■ Exercise data
-*-

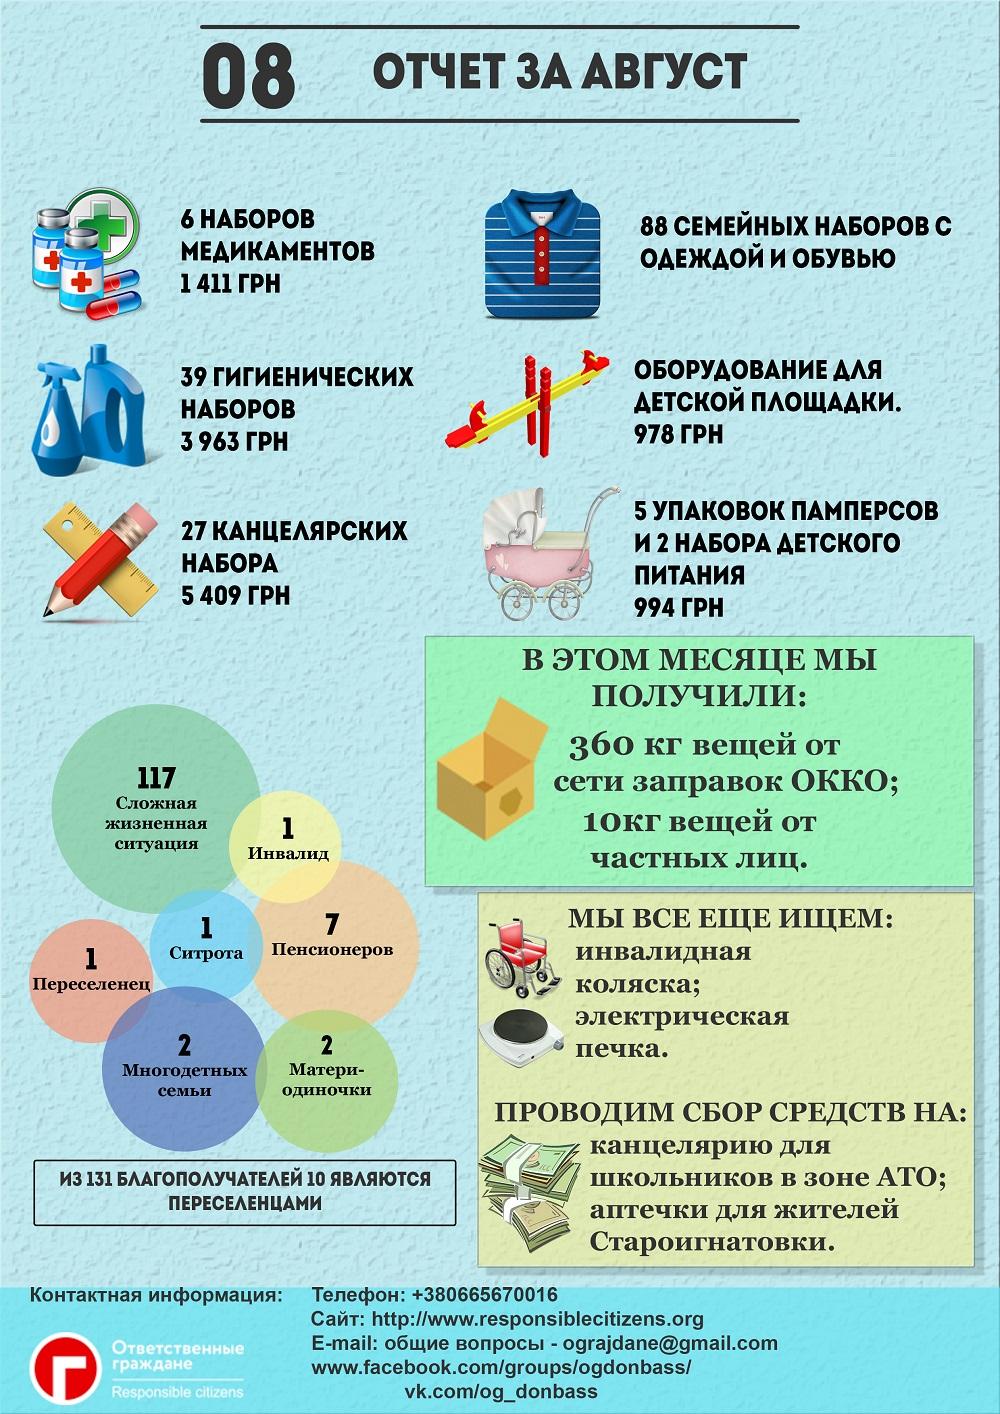 отчет за август общественной организации Ответсвенные граждане
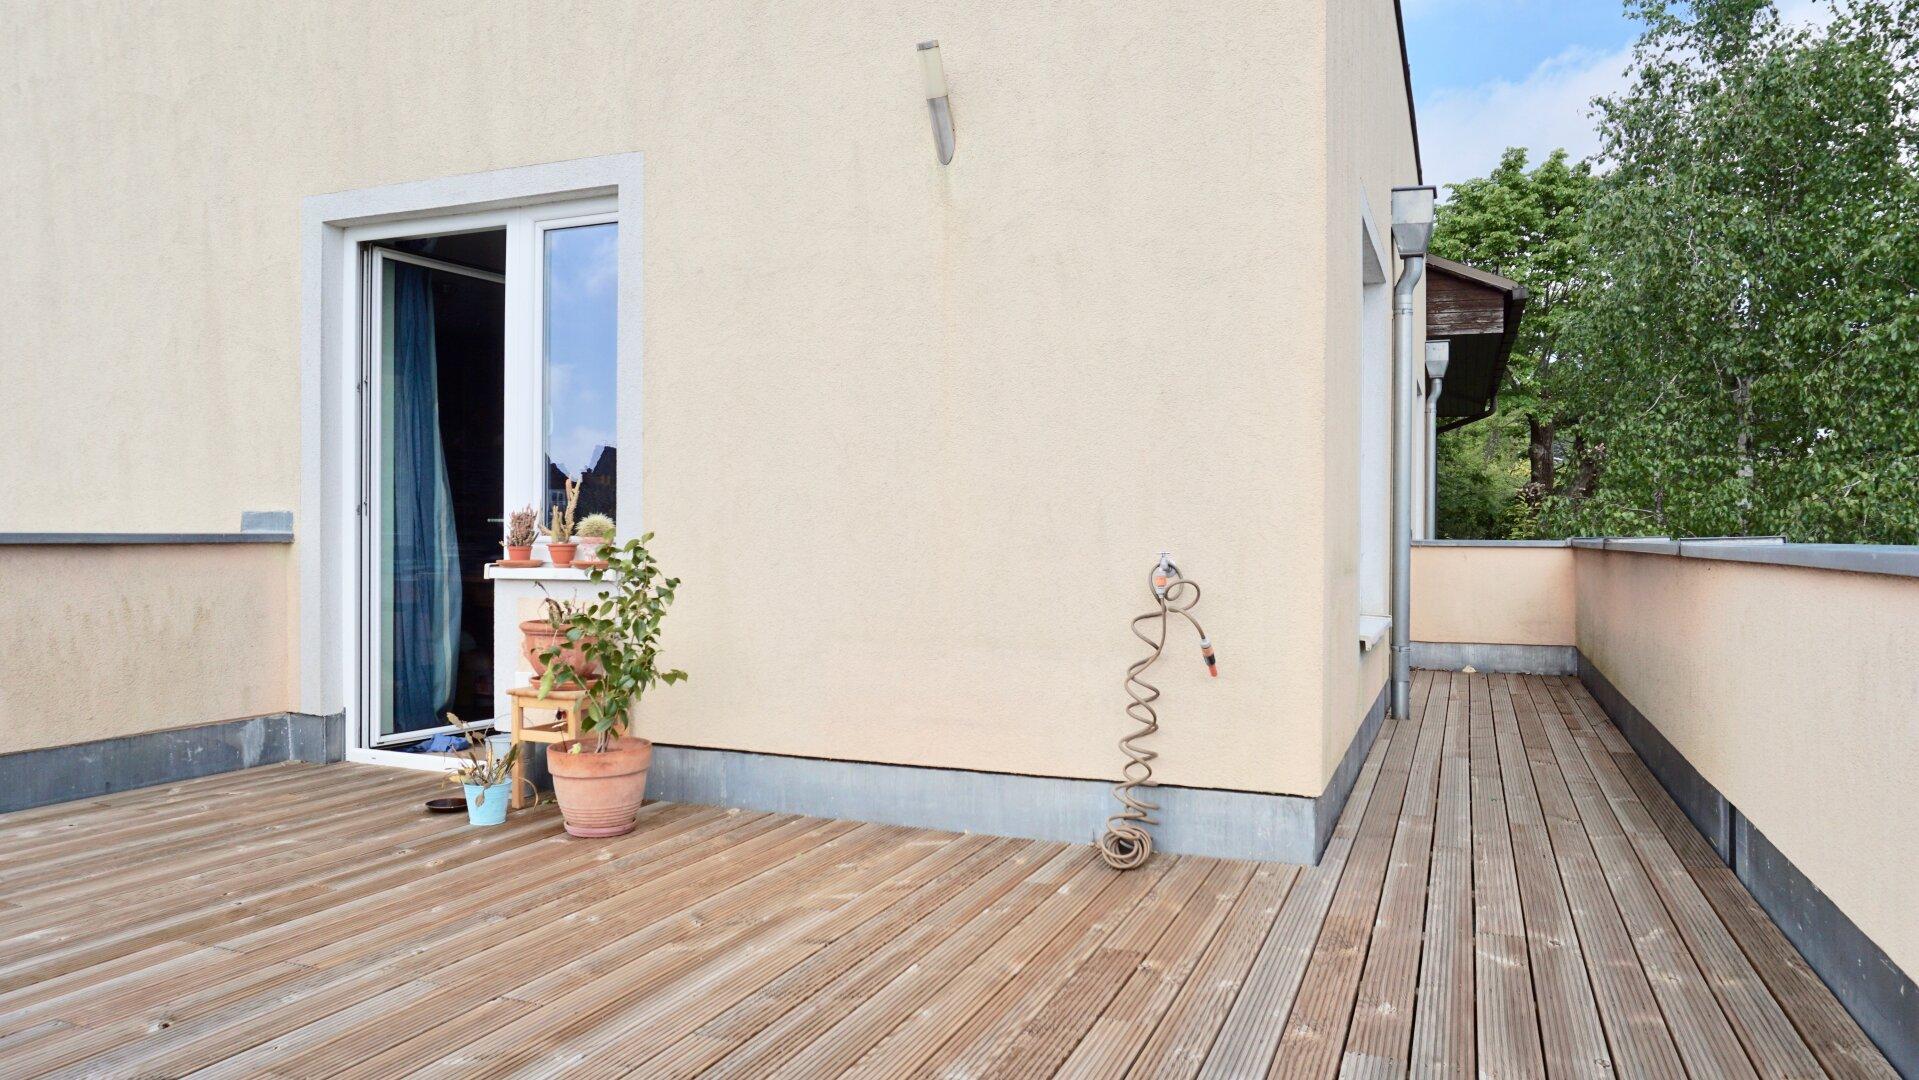 Terrasse 1. OG mit Wasseranschluss
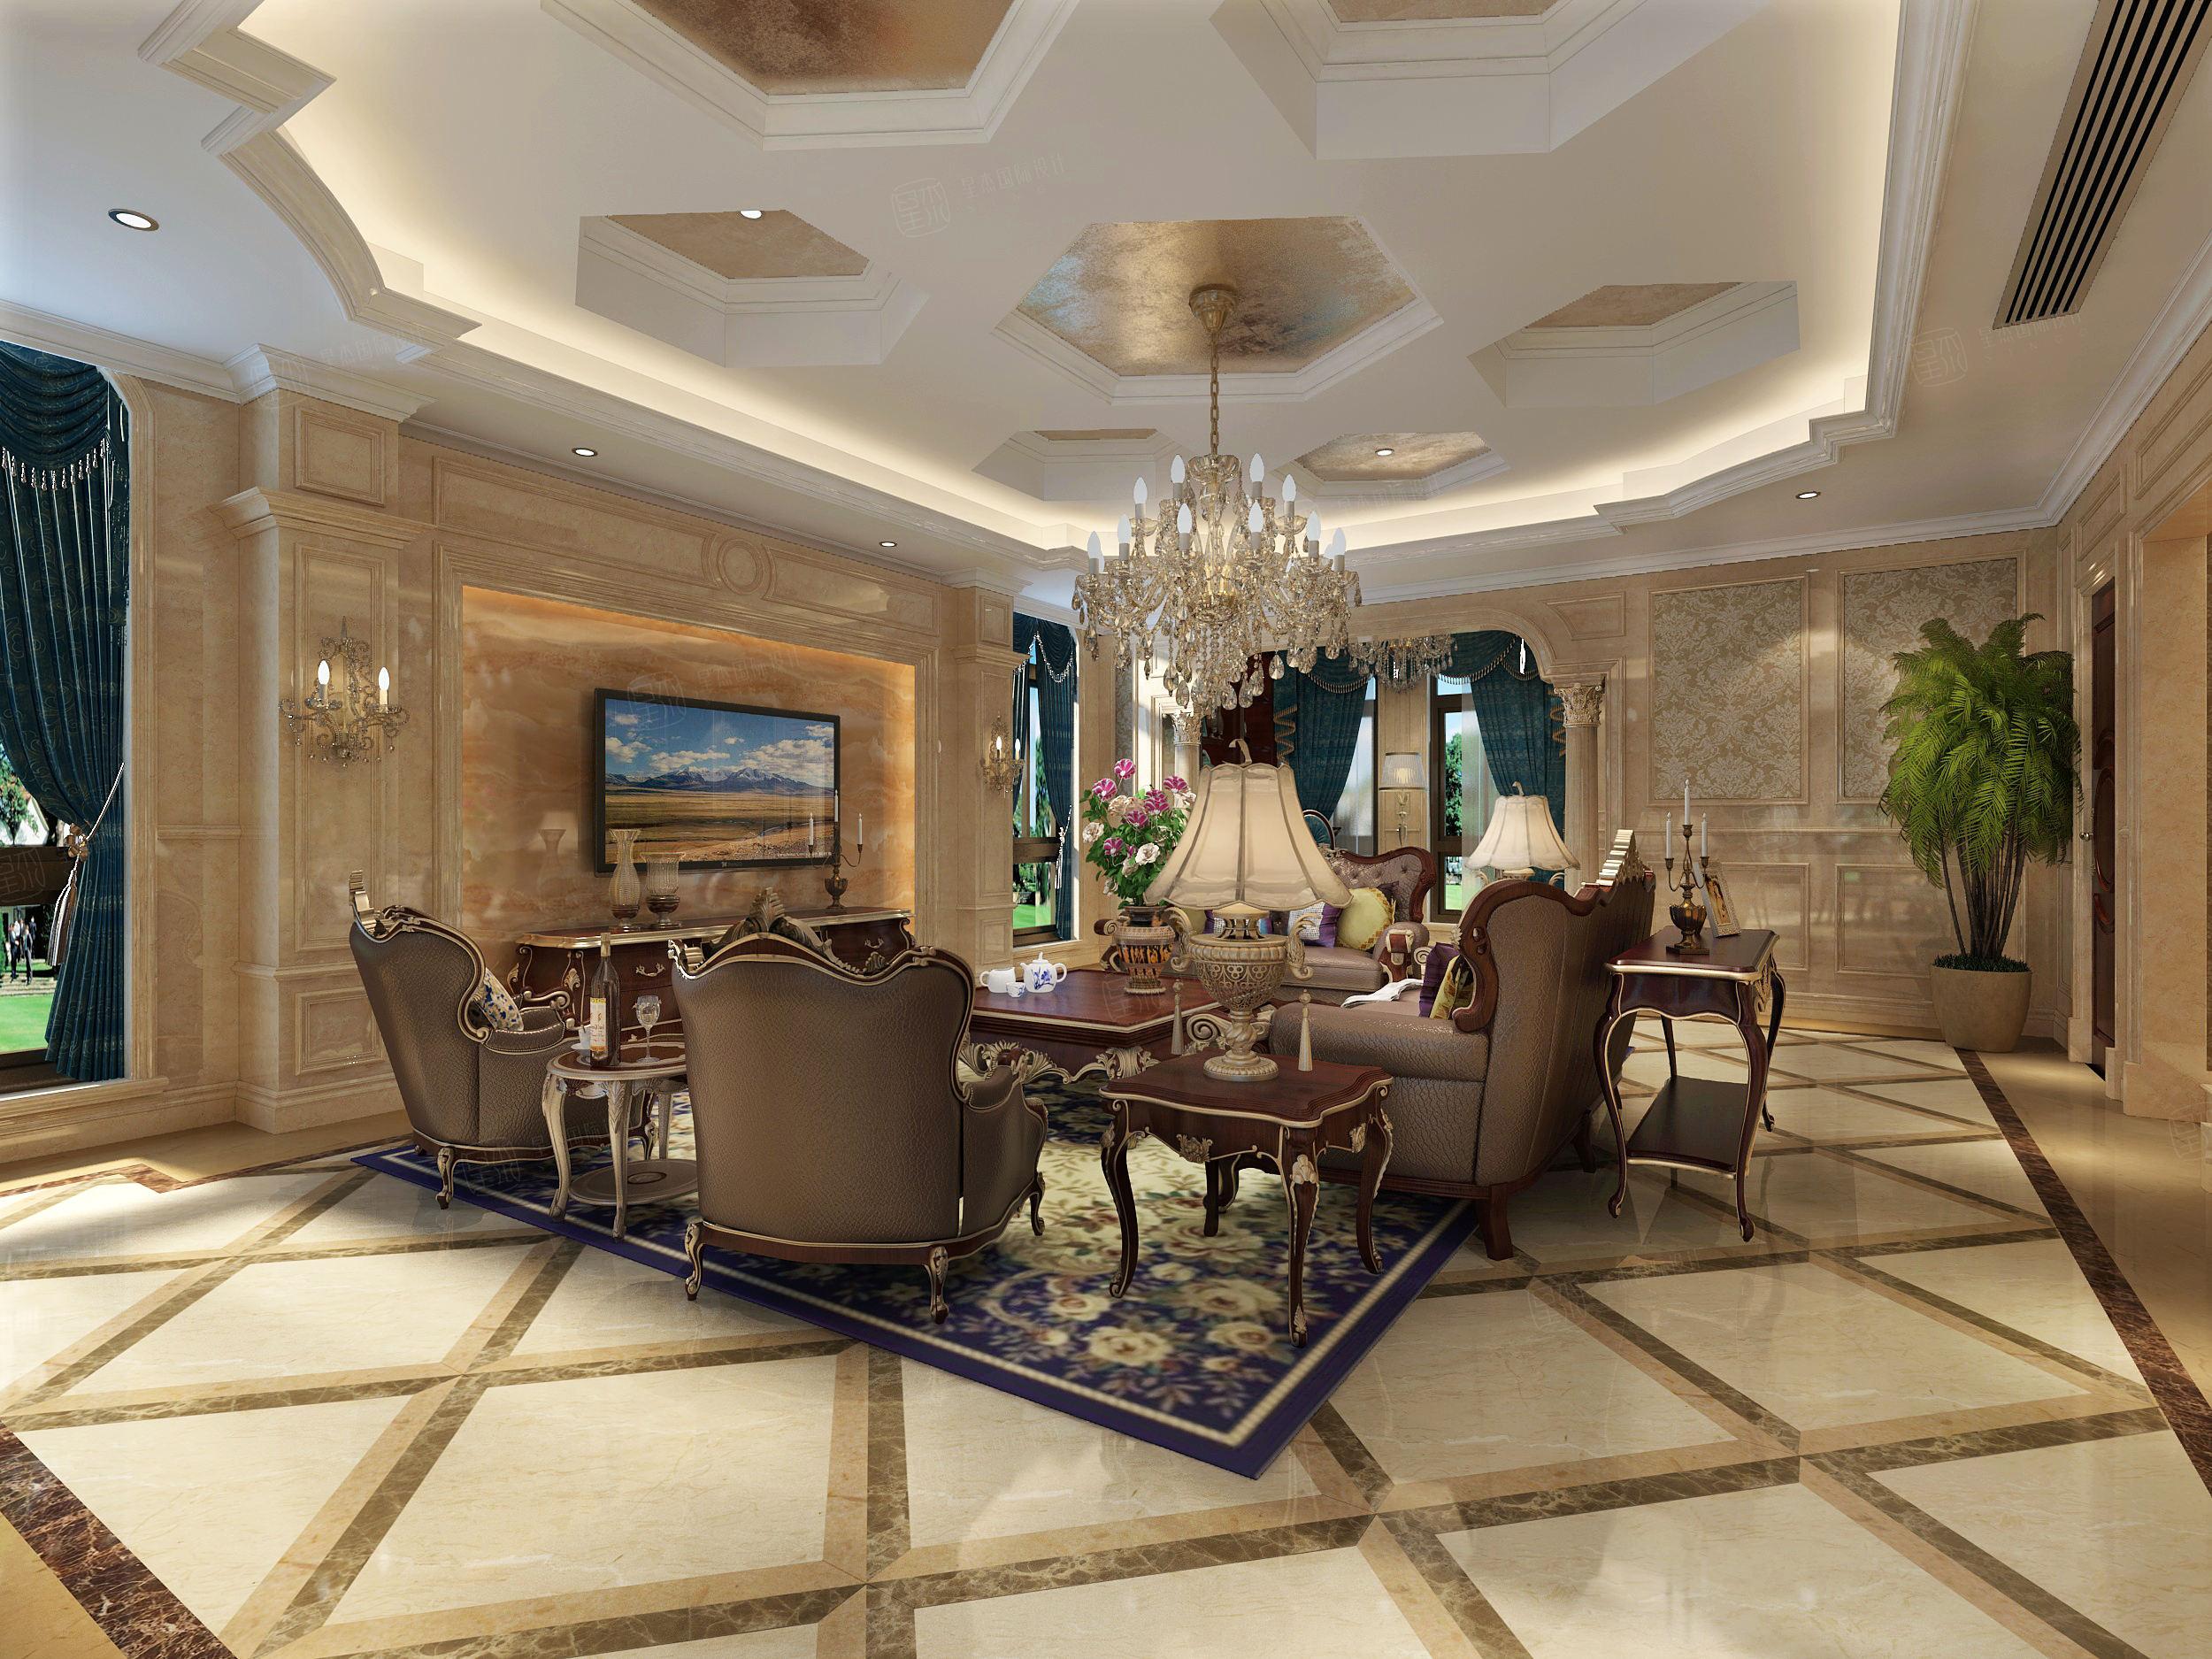 温州自建别墅 欧式 装修客厅效果图

-*-

■ Required action
Output all of the data word for word, excluding any pictures.

■ Response
 отчет за август общественной организации Ответсвенные граждане
 Terrasse 1. OG mit Wasseranschluss
 温州自建别墅 欧式 装修客厅效果图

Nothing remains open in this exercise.